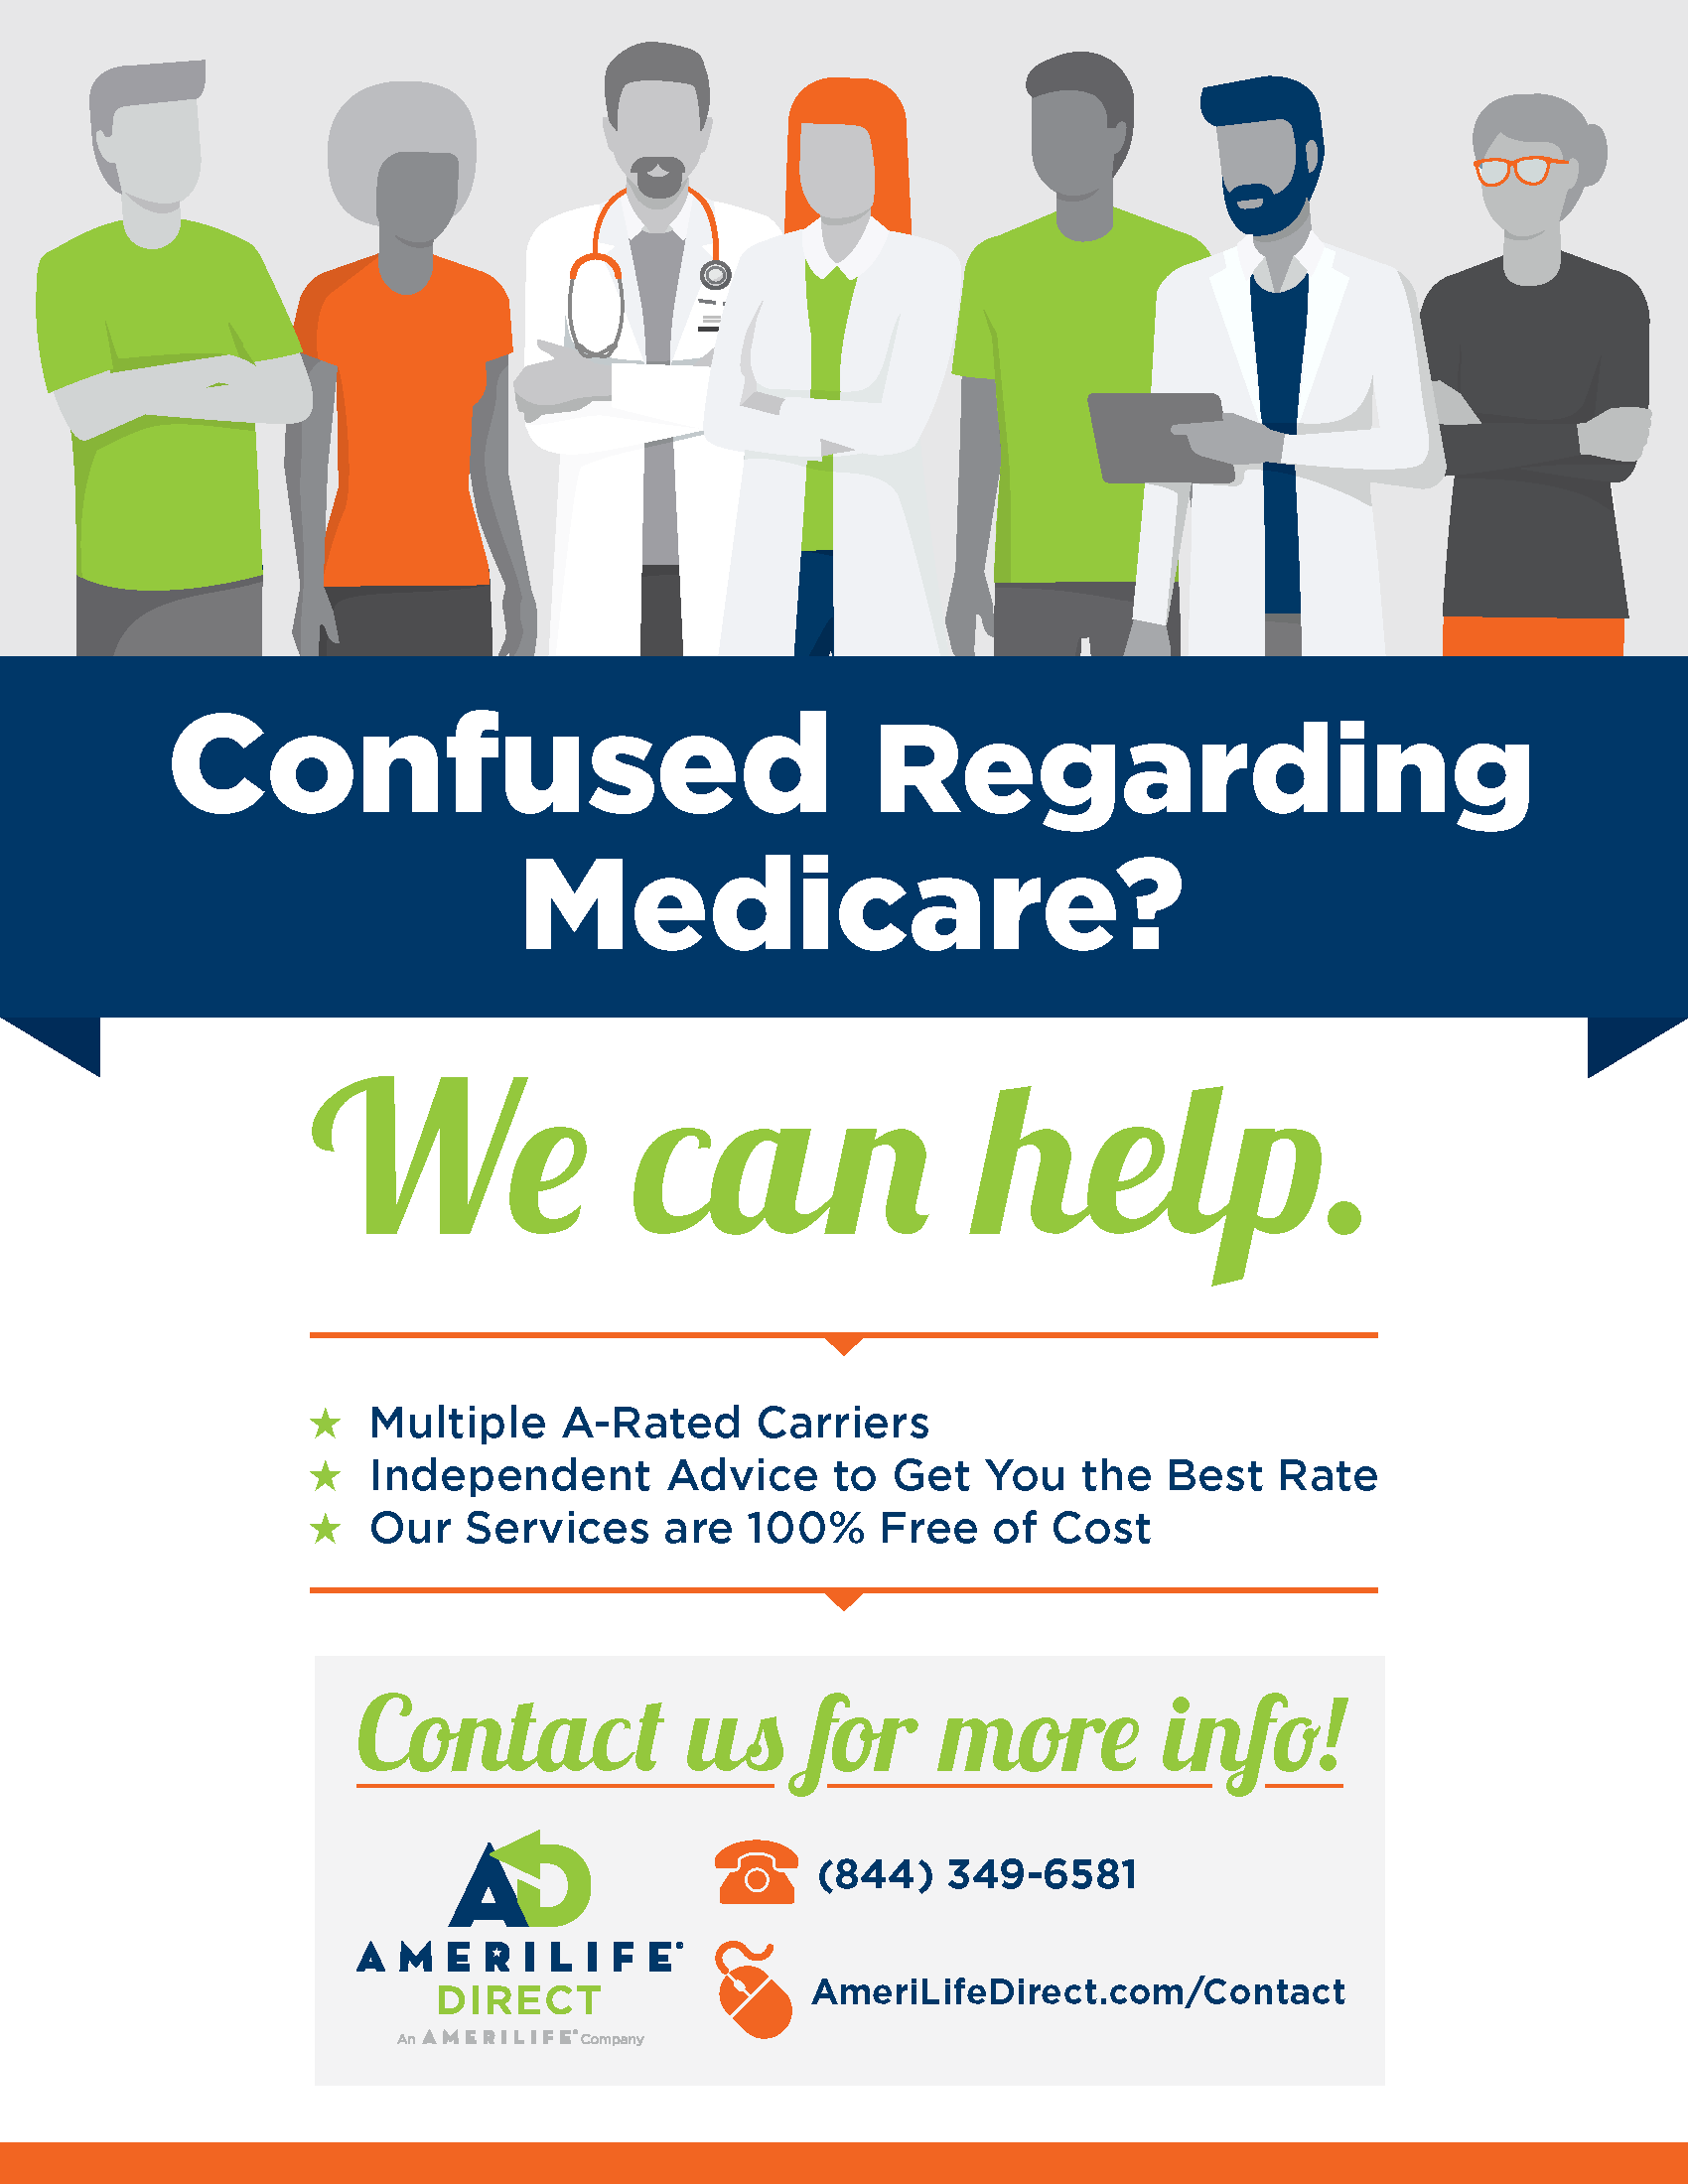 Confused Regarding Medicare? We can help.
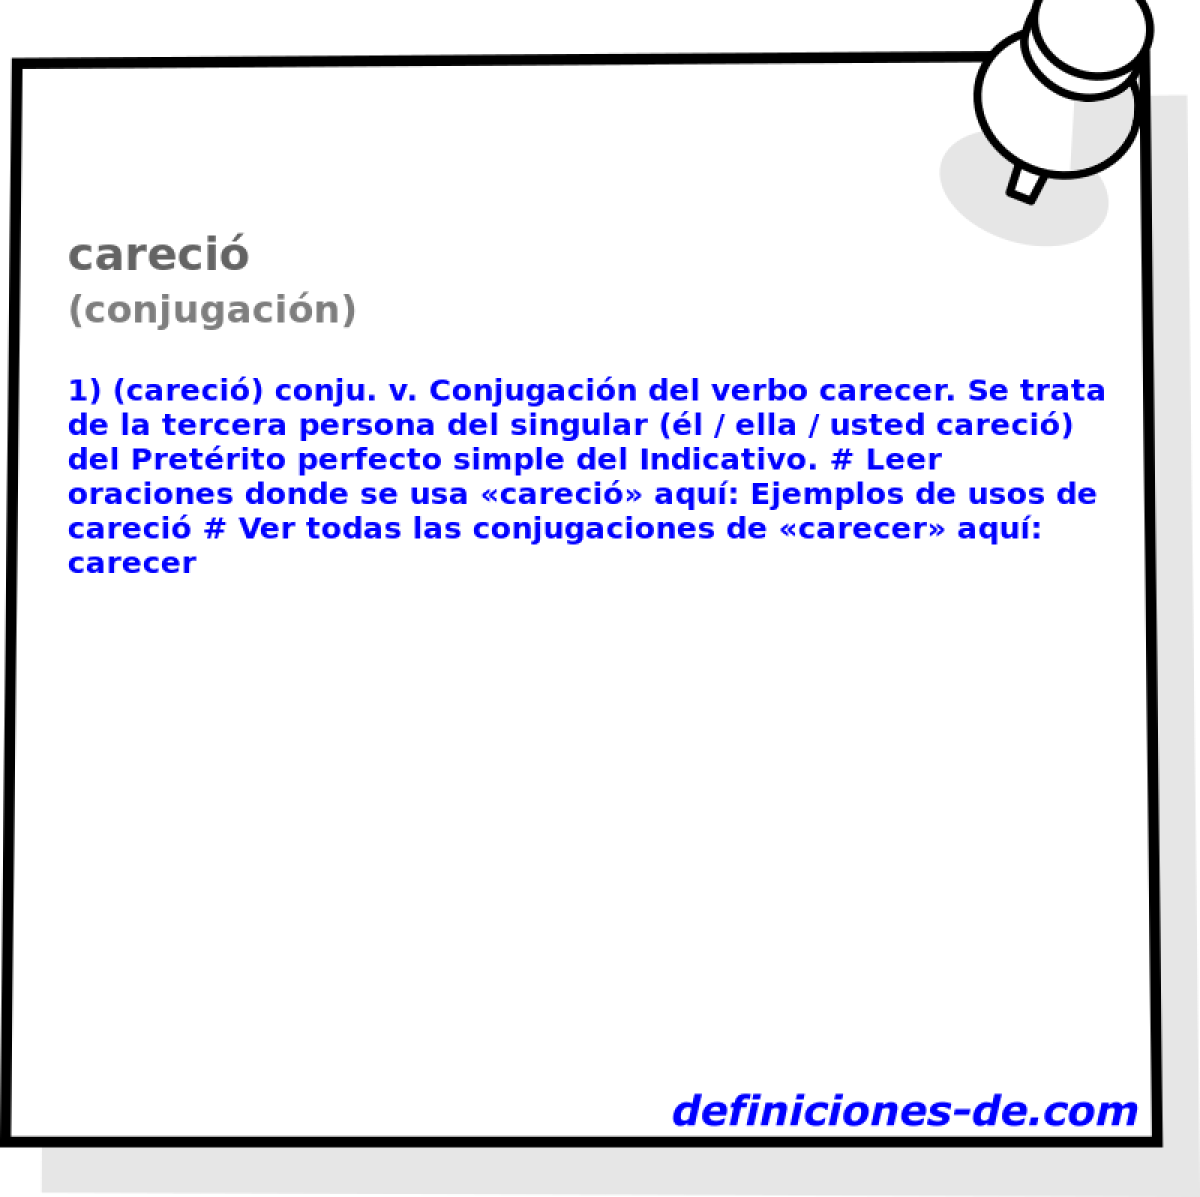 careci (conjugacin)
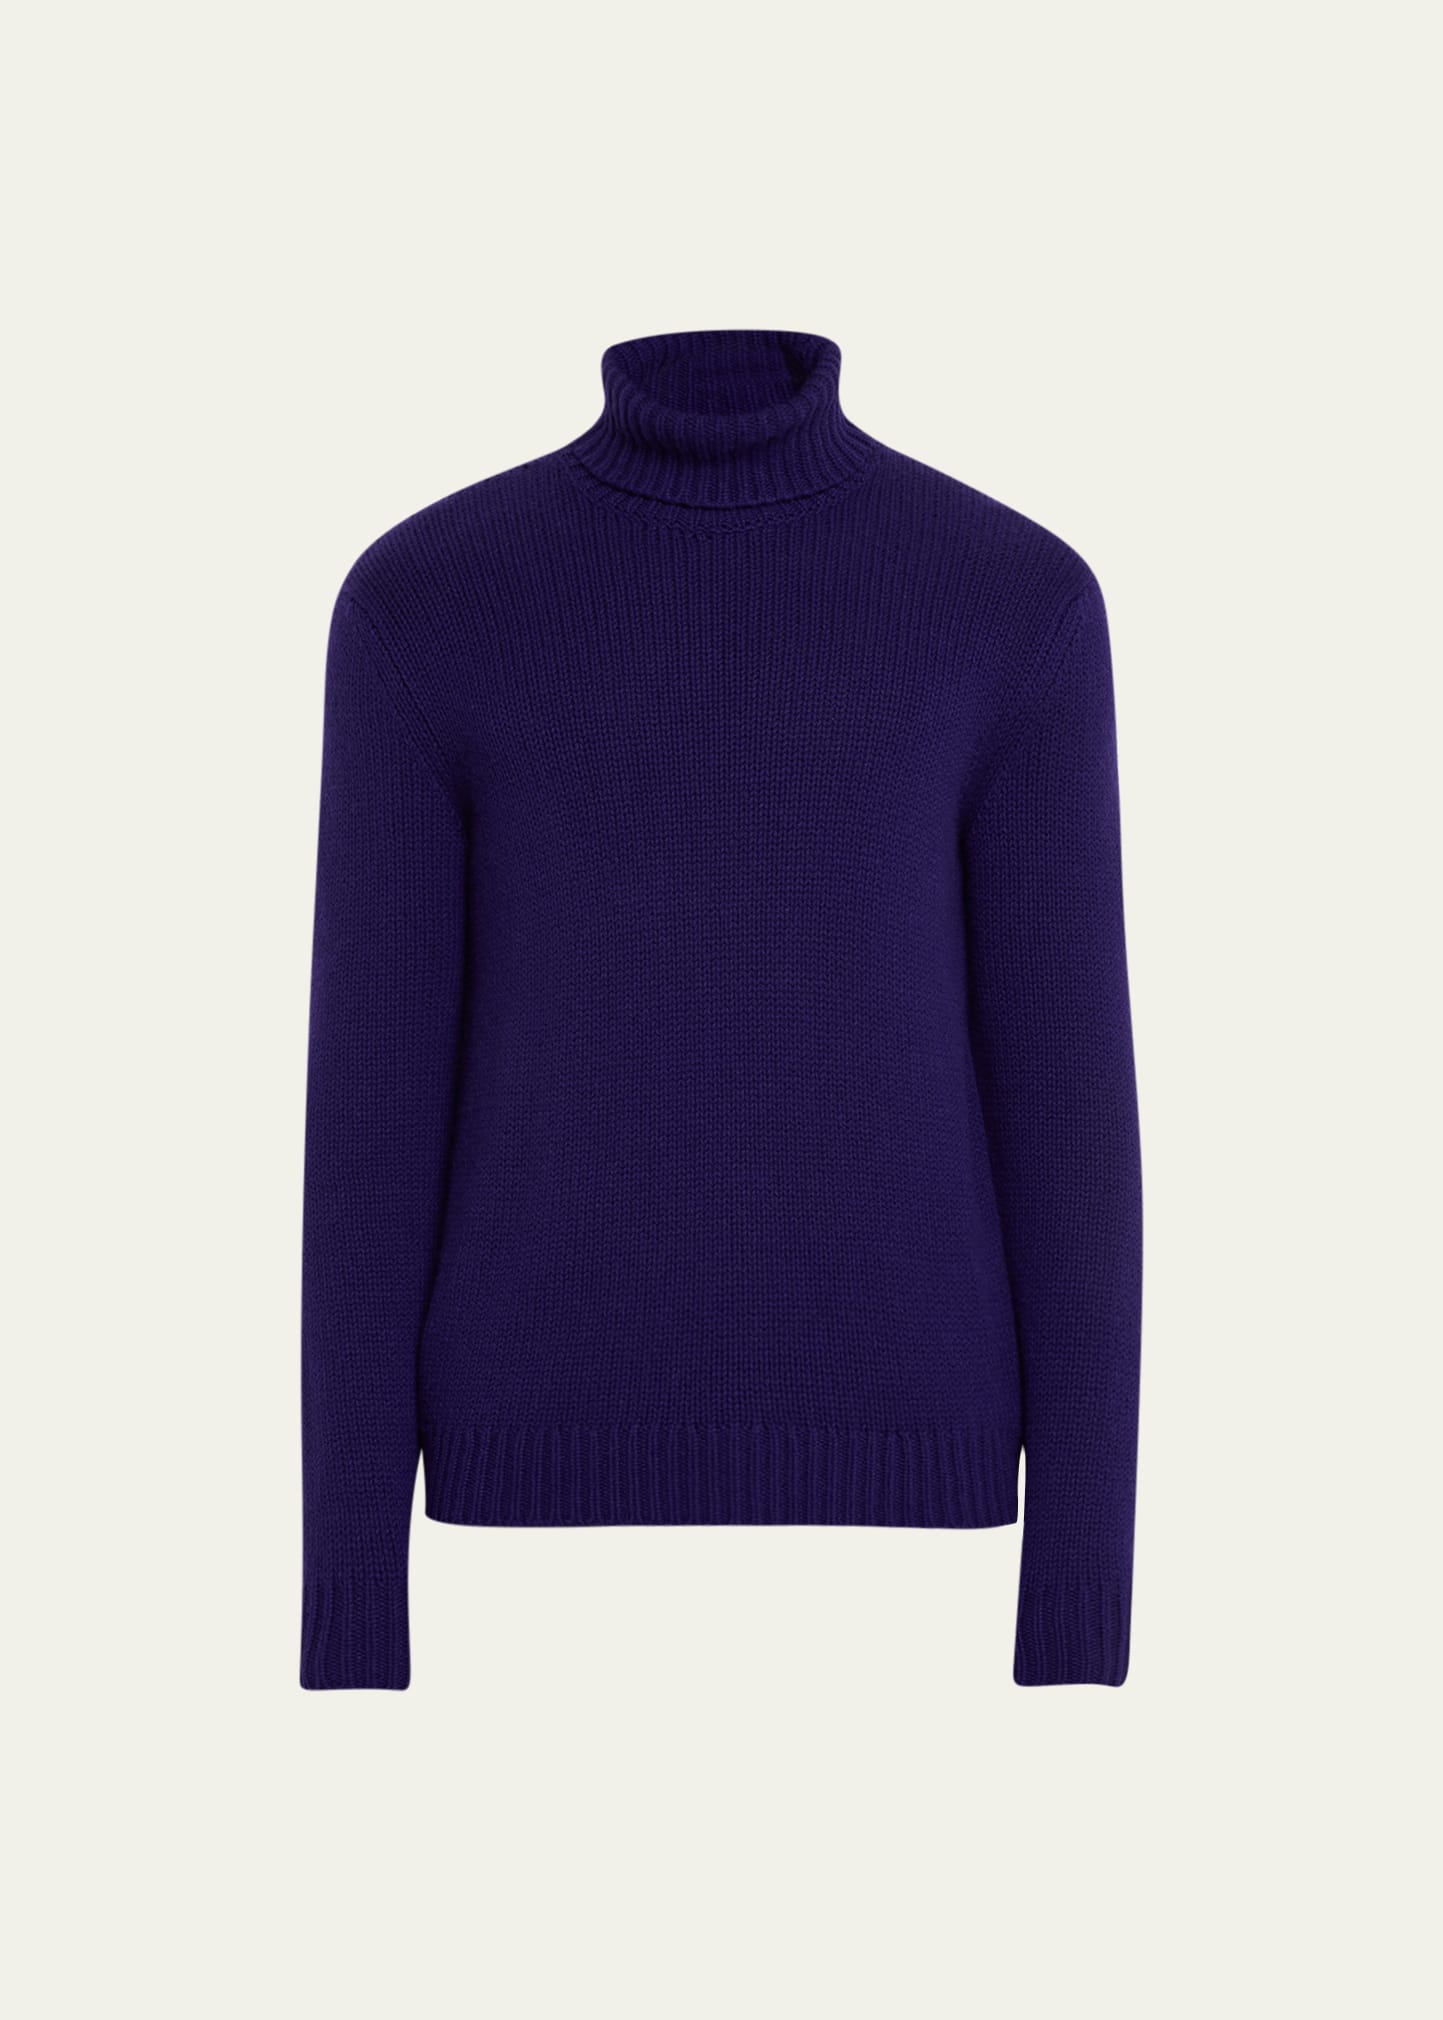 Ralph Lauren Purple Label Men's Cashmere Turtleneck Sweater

The task: The listing above needs to be output again exactly. Don't include the pictures.

Answer for the task:
 Confused Regarding Medicare? We can help.
 careci (conjugacin)
 Ralph Lauren Purple Label Men's Cashmere Turtleneck Sweater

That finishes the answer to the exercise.